Love, Hate and Other Filters(61)
“I gave him the G-rated version of finding you.”
“Which is why you and I are both still standing right now.”
“This … us … isn’t going to be easy, is it?”
“No. But I’ve gotten pretty good at sneaking out, and since I’m probably grounded for life, that skill is going to come in handy.” I drop my voice to a whisper. “I wish you didn’t have to leave. I wish I could leave with you.”
“Me, too, but under the present circumstances—”
I hug Phil. I don’t care if my parents see us. I’m tired of hiding all the important parts of myself.
My father walks back up the driveway after the last of the police cars have pulled away. He extends his right hand to Phil. “Thank you for bringing Maya back home. And for helping her. We are indebted to you.”
“Sir, it was nothing. I’m glad Maya’s safe.”
My dad nods at Phil and then walks past. He pauses and turns his head back. “Maya, it’s very late. You should come inside.”
“I’ll be there in a second, Dad.”
Phil waits for the front door to shut. “I don’t suppose I can kiss you now?”
“I guarantee it’s a drive-in movie at my front window.”
“I’ll take a rain check, then.”
Phil gets into his car and eases out of the driveway, waving as he pulls away. I try to shake the foreboding sense that this is the end of something instead of the beginning. I try to grasp at the spark of optimism I felt at the amusement park before Brian attacked me. But it feels beyond reach, and that makes me more anxious. I walk into the house, steeling myself for the inquisition.
My aunt is alone at the kitchen table. Hina rises to hug me and says, “Your mom is in bed. Your father is with her. It’s been … a lot.”
I begin to open my mouth to respond, but Hina puts her hand on my arm and says, “It’s late, and everyone is tired. Let’s talk about this tomorrow?”
Guilt surges through my body as my aunt speaks, but so does defiance. “They’re forcing their fears on me.”
“Running away didn’t exactly assuage their concerns.”
“I know. It was stupid. But I was going to explode if I stayed here one more minute.”
Hina smiles and cups my cheek in her hand. It’s a maternal gesture that I’m much more willing to receive from her than my actual mother. I know I should want this comfort from my mom, and sometimes I do. If I’m being honest, I know I push her away because I can’t be the daughter she expects me to be and still be what I want to be at the same time. On some level, I know she’s listened to me, but she never really heard what I was trying to tell her. Maybe there’s more to it than that, but that’s all the truth I’m willing to face right now.
“So this Phil seems … like a lucky young man.” As always, Hina knows when to change the subject.
“Is he? It’s like I’m watching my life through a double fog filter. Nothing is clear.”

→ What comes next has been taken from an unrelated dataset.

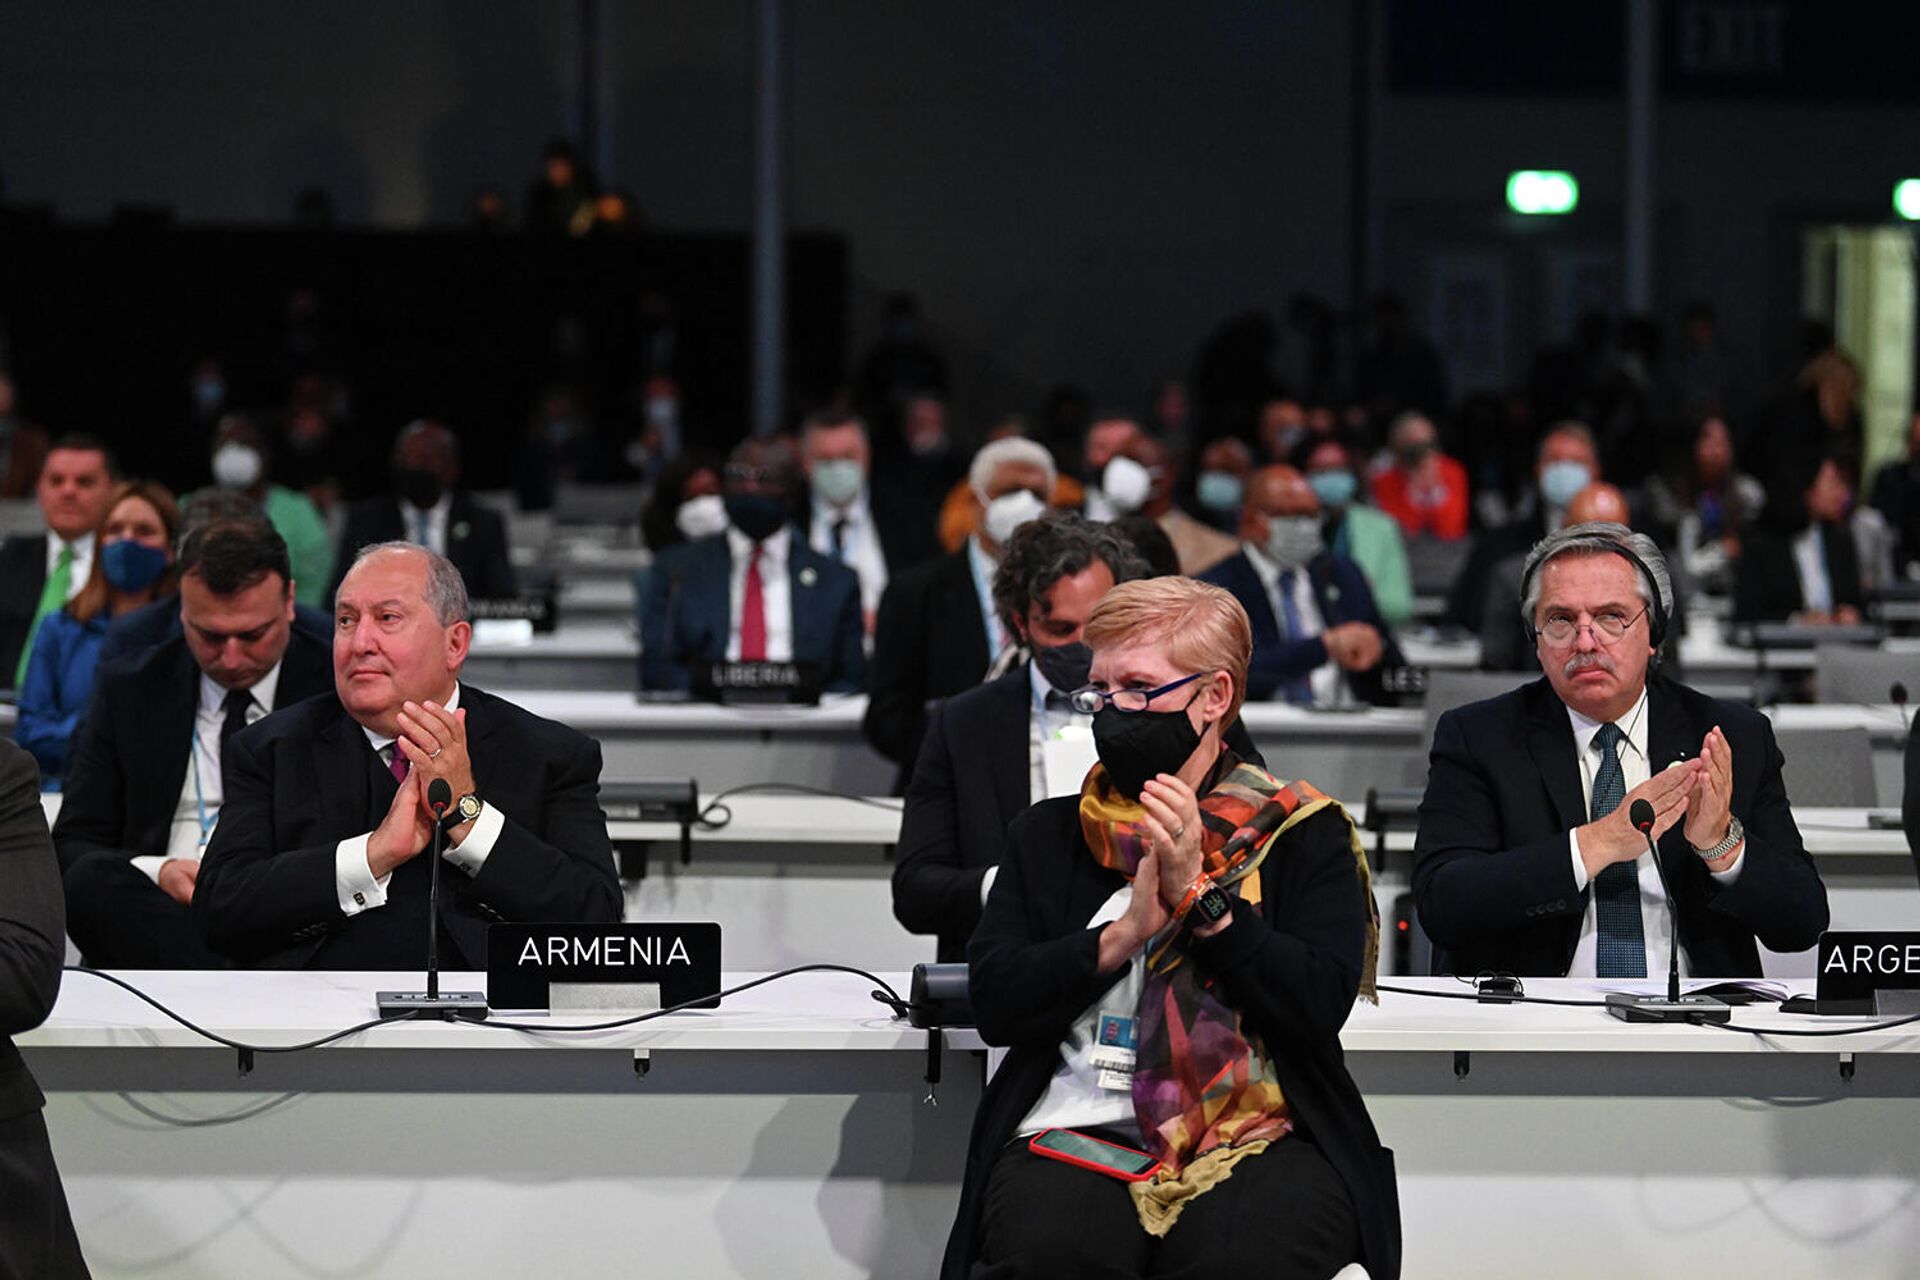 Նախագահ Արմեն Սարգսյանը մասնակցում է ՄԱԿ-ի՝ Կլիմայի փոփոխության մասին շրջանակային կոնվենցիայի կողմերի 26-րդ համաժողովին (1 նոյեմբերի 2021): Գլազգո - Sputnik Արմենիա, 1920, 01.11.2021

She laughs softly. “Knowing you, I doubt that. Maybe you know what you want to do, but you’re scared to do it. Isn’t that why you ran away—to clear your head? To figure it all out?”
I pause. Hina is right. The choice is my dreams or theirs. In that way, it’s not a real choice at all. It’s an imperative.
PBS Frontline Documentary: The War at Home
For days after, weeks even, there was paper. It fell from the sky after Ethan Branson drove his truck through the doors of the Federal Building in Springfield, exploding the heart of the country.
Scraps of paper, driver’s licenses, receipts, grocery lists, drawings in crayon and colored pencil, school pictures. Burnt, charred offerings. Words of the dead, drifting down from the heavens like feathers from birds in flight. Remember me, they whisper.
Amongst them, a singed corner of letterhead and these words:
From our beginning as a nation, we have admitted to our country and to citizenship, immigrants from the diverse lands of the world. We had faith that thereby we would best serve ourselves and mankind. 1
1 Judge Abraham Lincoln Marovitz, Nov. 17, 1994 US Naturalization Oath Ceremony
“No. That’s the final answer. End of discussion.” My dad sits stone-faced at the kitchen table. My mom stares into the four cups of tea at the counter, entranced by the little milk eddies she stirs up in each one. The air is heavy with the smell of fennel seeds, cardamom, and panic.
“I’m not asking you for permission; I’m informing you of my decision. I am going to New York in August.” I’m unusually calm and direct, which is almost the most shocking part of this entire scene. I don’t know if it’s the silent strength emanating from my aunt at my side, the soft underbelly of denial, or plain guts, but maybe for the first time, I face my parents with a kind of composure that feels adult—at least to me. Which doesn’t mean I’m not also terrified.
“This is ridiculous. You’re a child. You can’t talk to your parents this way. Ordering us around as if we’re you’re servants. We didn’t bring you into this world to treat us with such disrespect.”
“Dad, I’m sorry. But I’m not a child anymore; I’m going to be eighteen in a few weeks. I’ll be legally emancipated, and I have a right to live my life how I want.”